That's right....moi'.
Like.
You gottabefruckin'kiddingme.
Called them.
Spoke to...GET THIS, an American who speaks intelligibly and..... in English!
"Okay. WHY do I have a bill for A DOLLAR???!!?? The last customer service rep assured me that I was DONE, that the $4 was IT."
"Well, she should have had you pay $5."
*Silence so deafening that Travis,(customer service rep), can hear my neurons clattering and grinding in an effort to regain a foothold in the real world*
"WHAT do you mean, five dollars?"
"Well, she had you pay $4, when it was really supposed to be the amount of $5. I don't really understand why she did that."
"I do. It's called cheapass petty vengeance and malignant mischief."
"Excuse me?"
"Nothing. HOW do we fix this because it's totally ree-dick-yu-lous and the remaining balence I owe is ENTIRELY you guys' fault. I have a rocket launcher and 3 NRA-issue hand grenades over here, and I promise you that I am telling EVERYBODY I KNOW about this whole problem with M-Tobile*!!!!"
"I can take off the dollar for you right now, you won't owe us anything....rocket launcher?!?"
"I'm sorry, you must have mis-heard me. I am used to speaking to persons from Rhodesia and Bombay when I contact M-Tobile*, and I was doing what's called "compensatory pronunciation"....... so you'll take that dollar off there RIGHT NOW, and I won't have to deal with bad credit or ever ever ever receive some bogus bill from you ever ever again?"
"That's right, and then we will part company without any problems."
*the silence of mulling things over*
"Arright. Let's do that. I need a RECEIPT and a piece of paper that verifies that my contract is terminated."
*dead silence from the other end*
"ummmmm, I don't know if we can do that. I know that you won't get another bill from us...."
"Right, that's what the LAST person said. She also left me with a DOLLAR hanging on my account and now you,Travis, innocent bystander, are dealing with my wrath. If you can generate a BILL, you can generate a RECEIPT."
"Can you go online? Access your account...."
"I DON'T HAVE AN ACCOUNT ANY LONGER, RIGHT??!!????!!!!"
.
.
.
.
.
"No, I guess you don't. Well, I'll try to get a receipt sent. Here is my CS representative ID number, just in case you do get another bill."
"Can I have your address and description if I need to hunt you down?"
"I beg your pardon?"
"Nothing. My translator broke into Rhodesian there for a minute and it sounded very much like I said I would hunt you down. I was saying "Thank you for the info".

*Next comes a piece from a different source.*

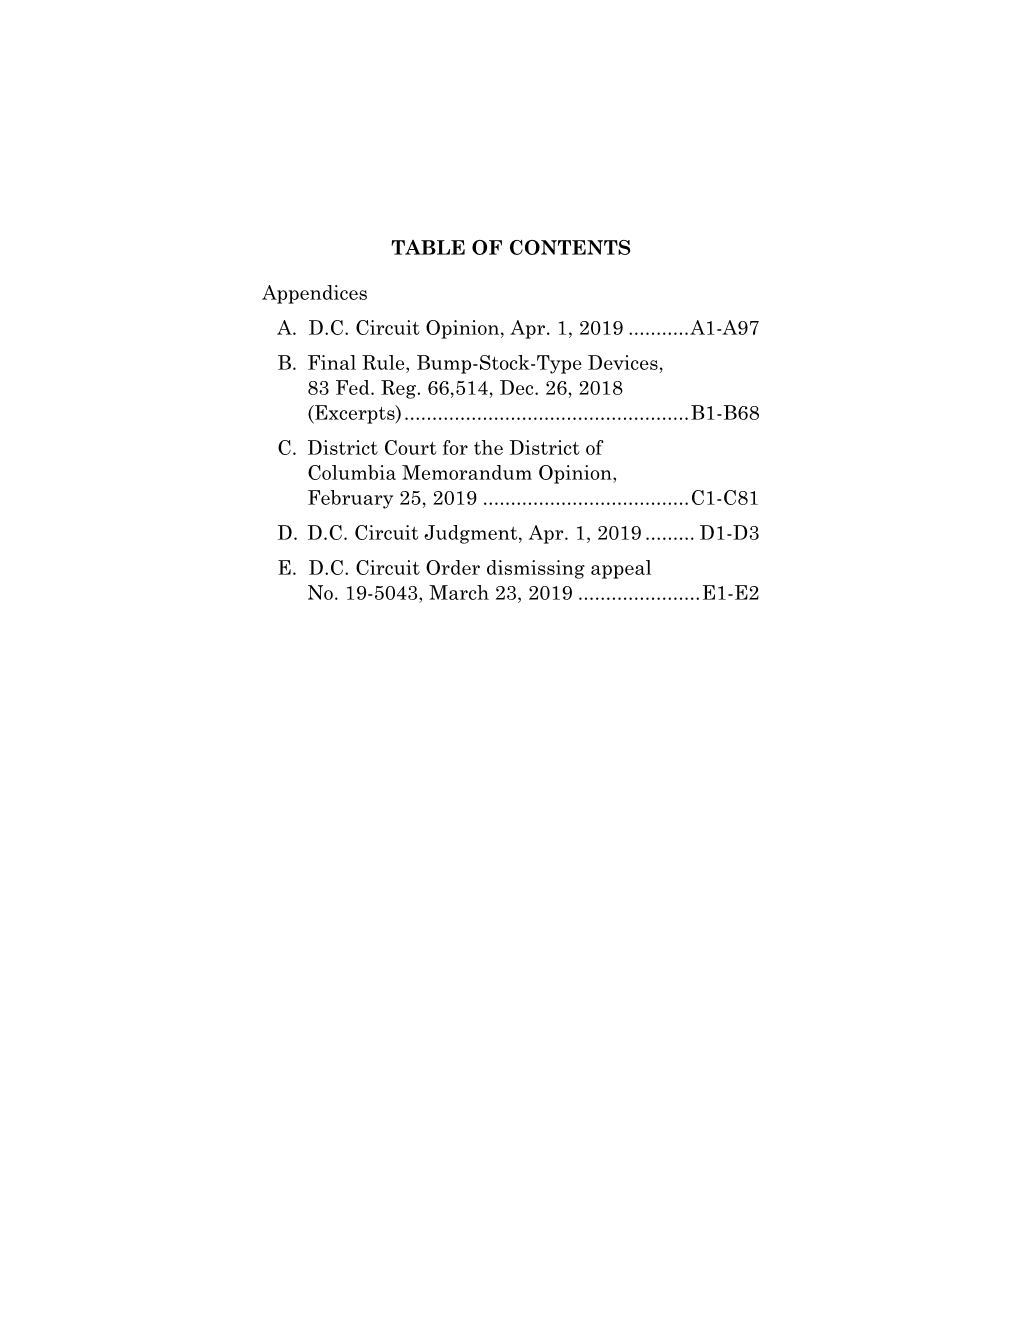 TABLE of CONTENTS Appendices A. D.C. Circuit Opinion, Apr. 1

"Okay, well the dollar is off there and you no longer have a contract with us.....I hope your weekend is a brighter one now."
*sizzlesizzlesizzlesizzle*
uh huh.
We'll see.
Tune in one month from now, I'll let ya know.
*Name changed so I don't get sued and so people can't tell it was me who did it if, a month from now, a gaping hole appears in the pavement where the ACTUAL cellular carrier used to be.